How to complete this task: Exactly the lines from the one with "Overall good condition" to the end of the listing must be repeated, both ends included, with nothing added.

Recorded information:

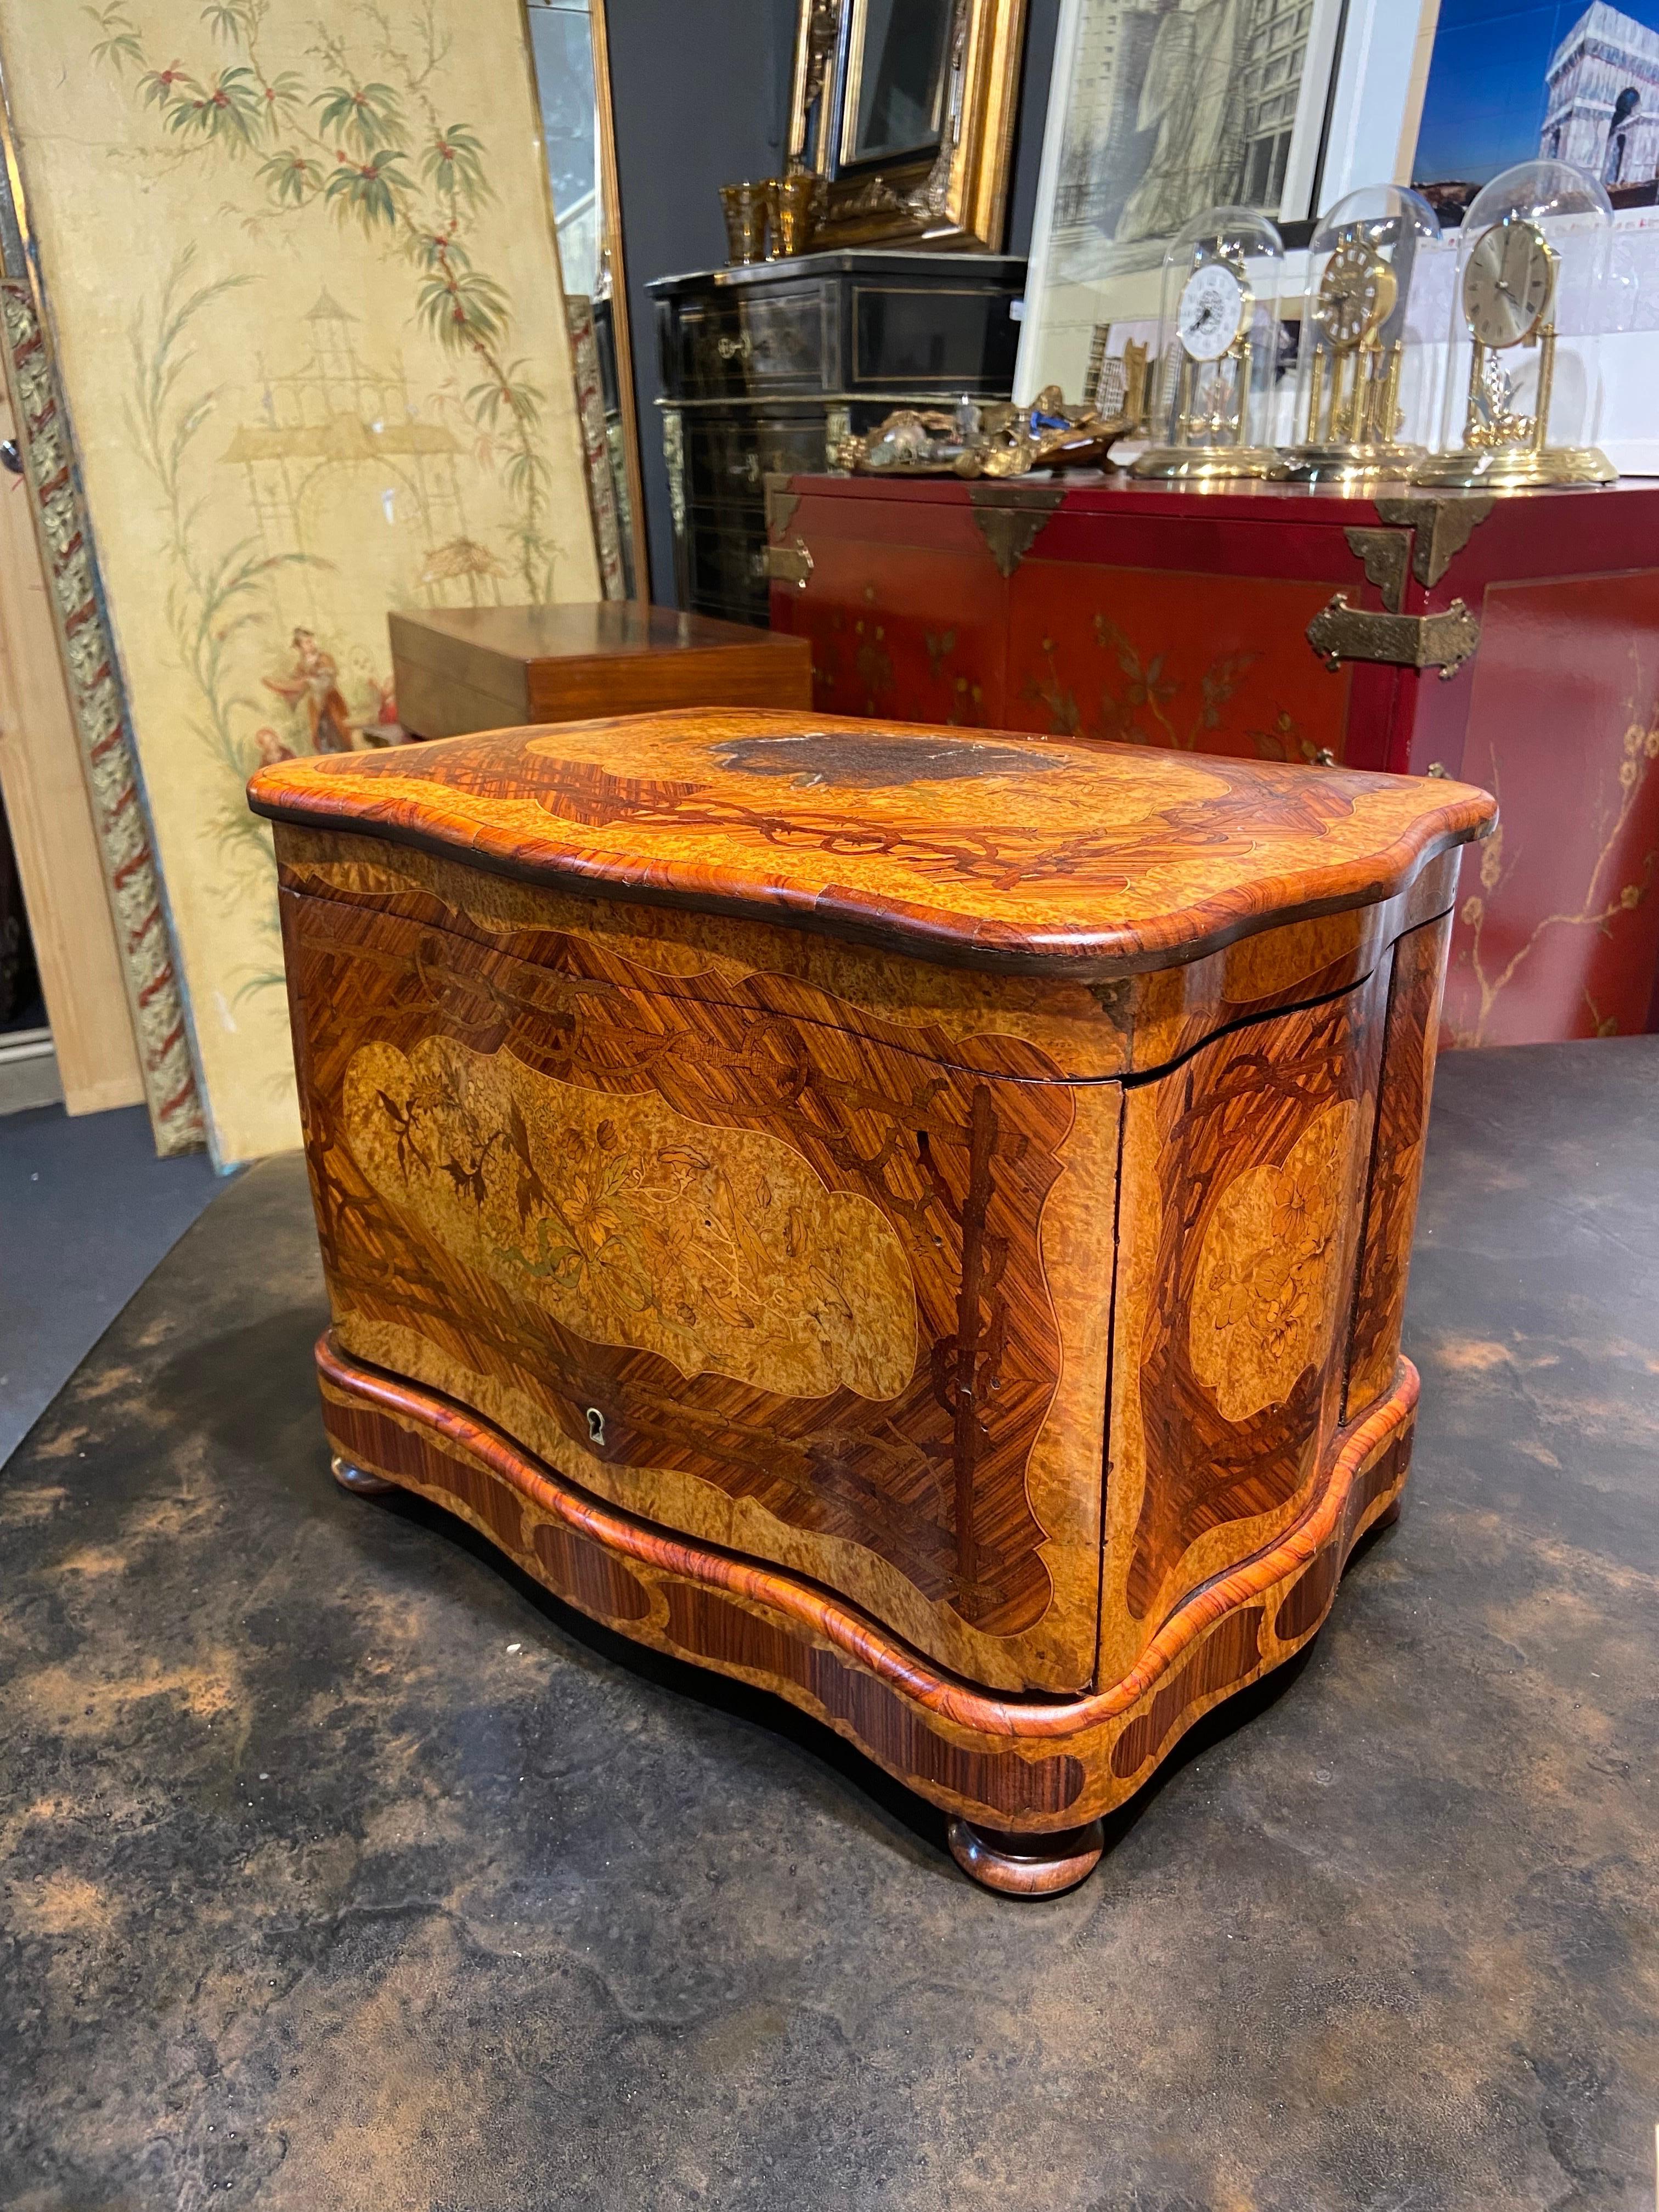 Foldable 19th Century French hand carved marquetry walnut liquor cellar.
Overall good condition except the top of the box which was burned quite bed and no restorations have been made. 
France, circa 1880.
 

Task solution:
Overall good condition except the top of the box which was burned quite bed and no restorations have been made. 
France, circa 1880.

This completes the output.